The listing below should be printed exactly, every line of it. Skip the pictures.

Source material:
^^^^^^^^

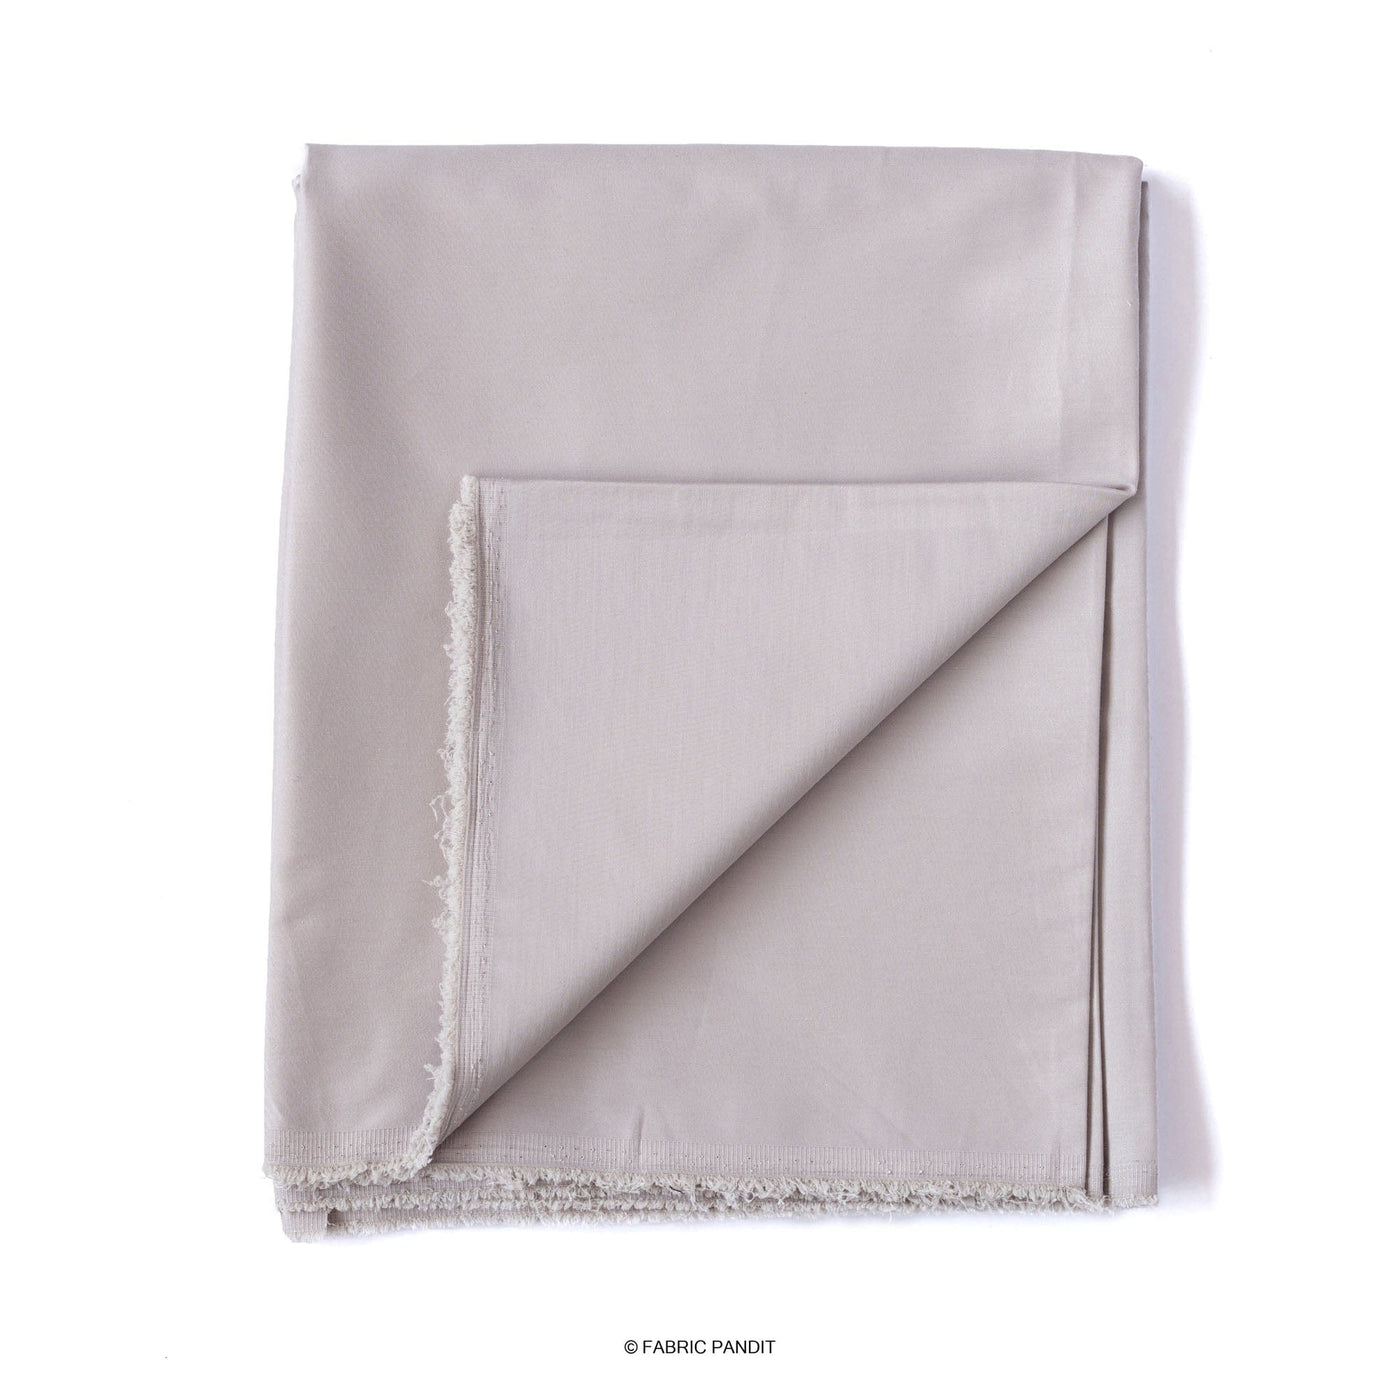 Fabric Pandit Cut Piece (CUT PIECE) Harbor Grey Pure Cotton Lycra Stretch Men's Shirt Fabric (Width 54 inch)
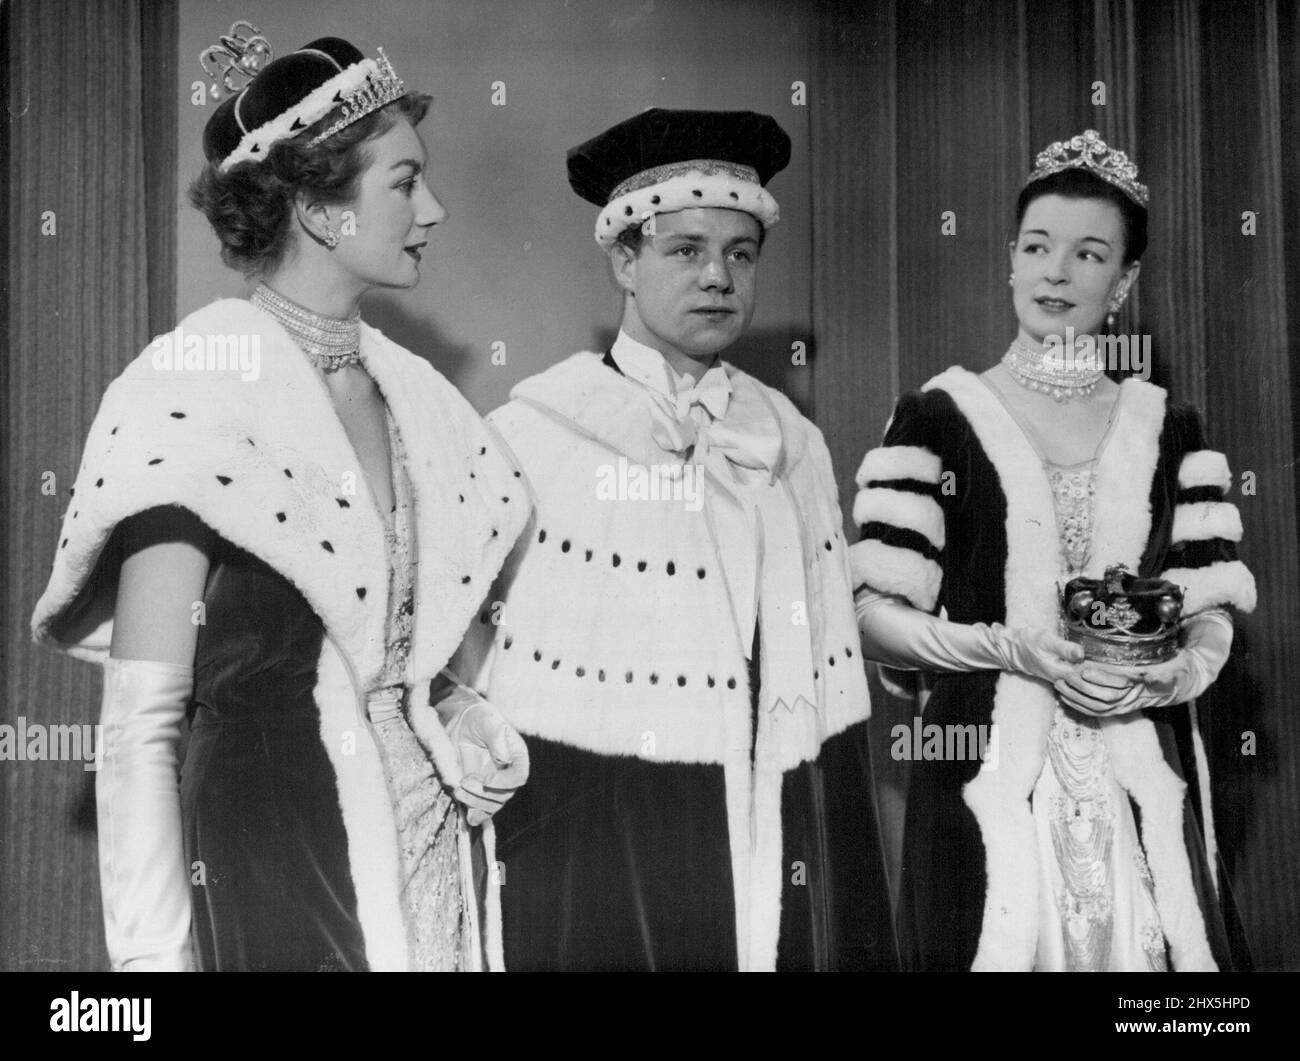 Queen Elizabeth II Coronation - 1953 - Mode, Koronetten und Frisuren - British Royalty. 11. Januar 1953. Stockfoto
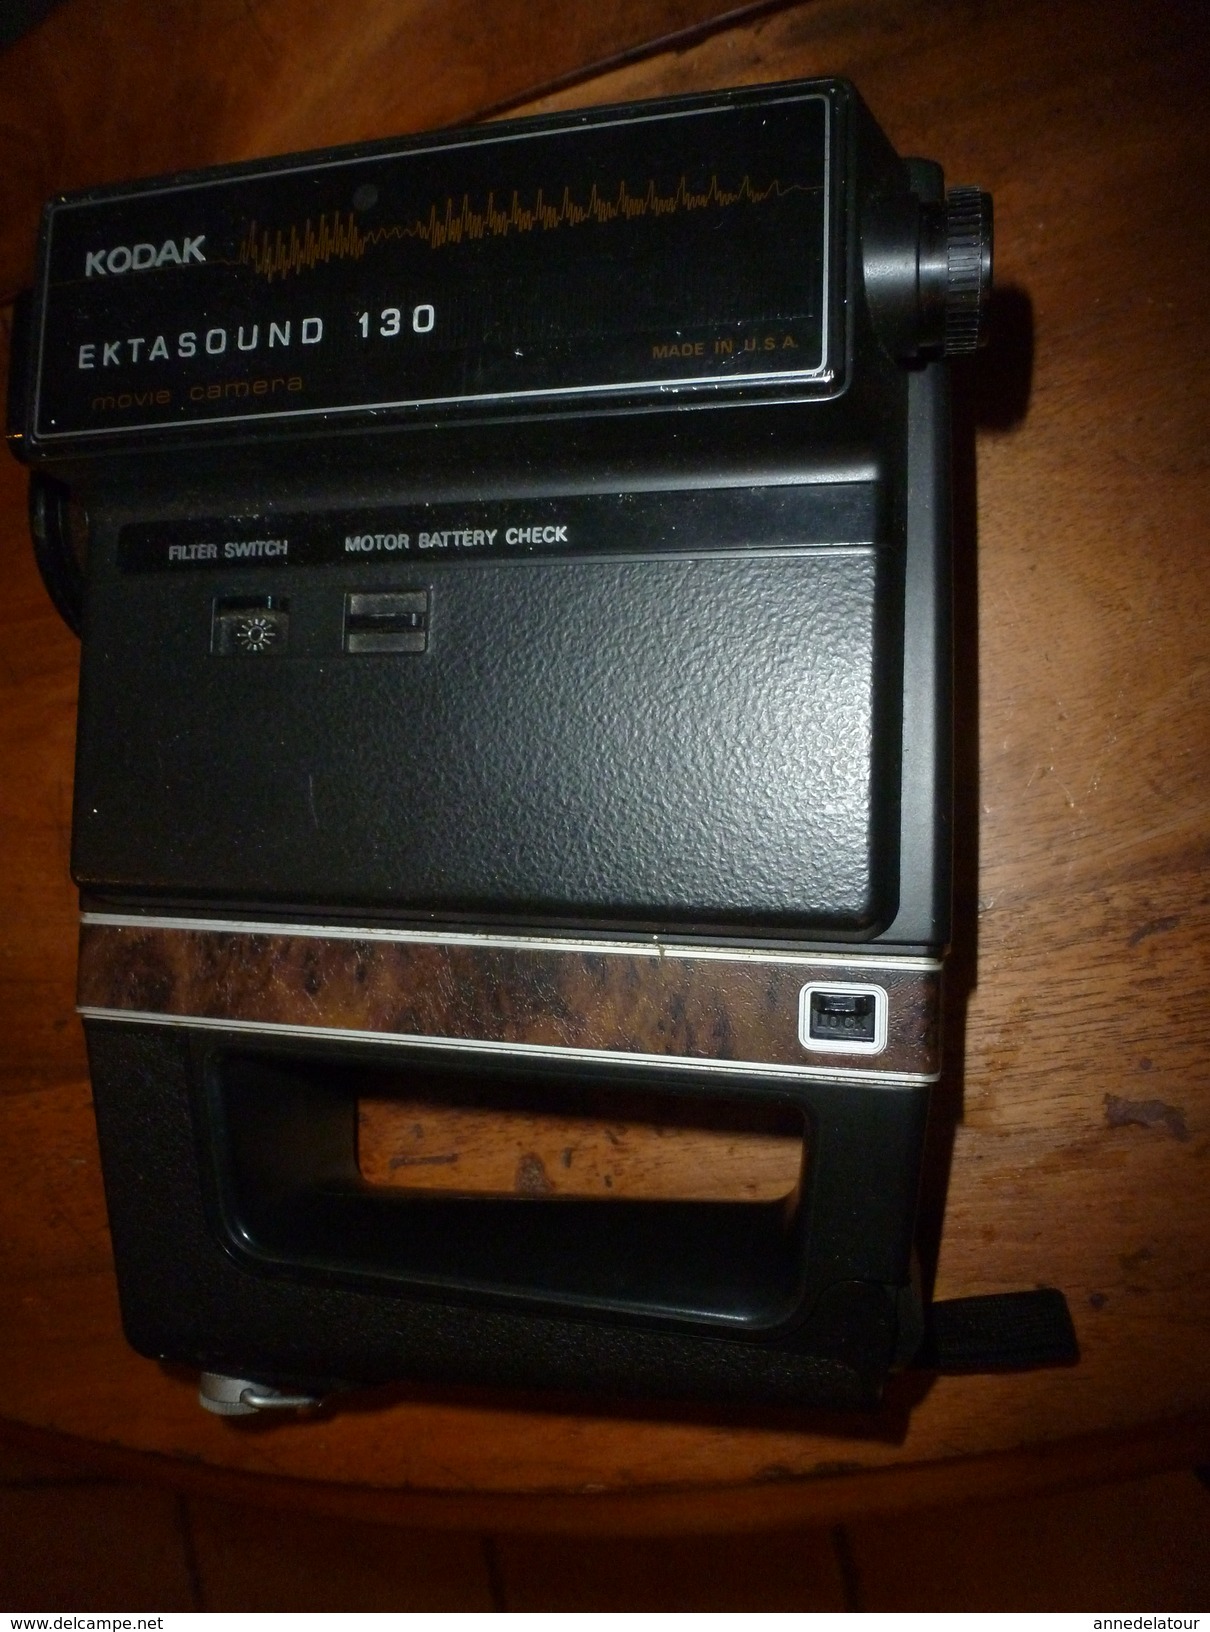 KODAK EKTASOUND 130 Movie Caméra :  Avec Notice Et Boite D'origine  (année De Fabrication Probable, Vers 1973) - Videocamere

^^^^^^^^

Task answer:
 Fabric Pandit Cut Piece (CUT PIECE) Harbor Grey Pure Cotton Lycra Stretch Men's Shirt Fabric (Width 54 inch)
 Queen Elizabeth II Coronation - 1953 - Mode, Koronetten und Frisuren - British Royalty. 11. Januar 1953. Stockfoto
 KODAK EKTASOUND 130 Movie Caméra :  Avec Notice Et Boite D'origine  (année De Fabrication Probable, Vers 1973) - Videocamere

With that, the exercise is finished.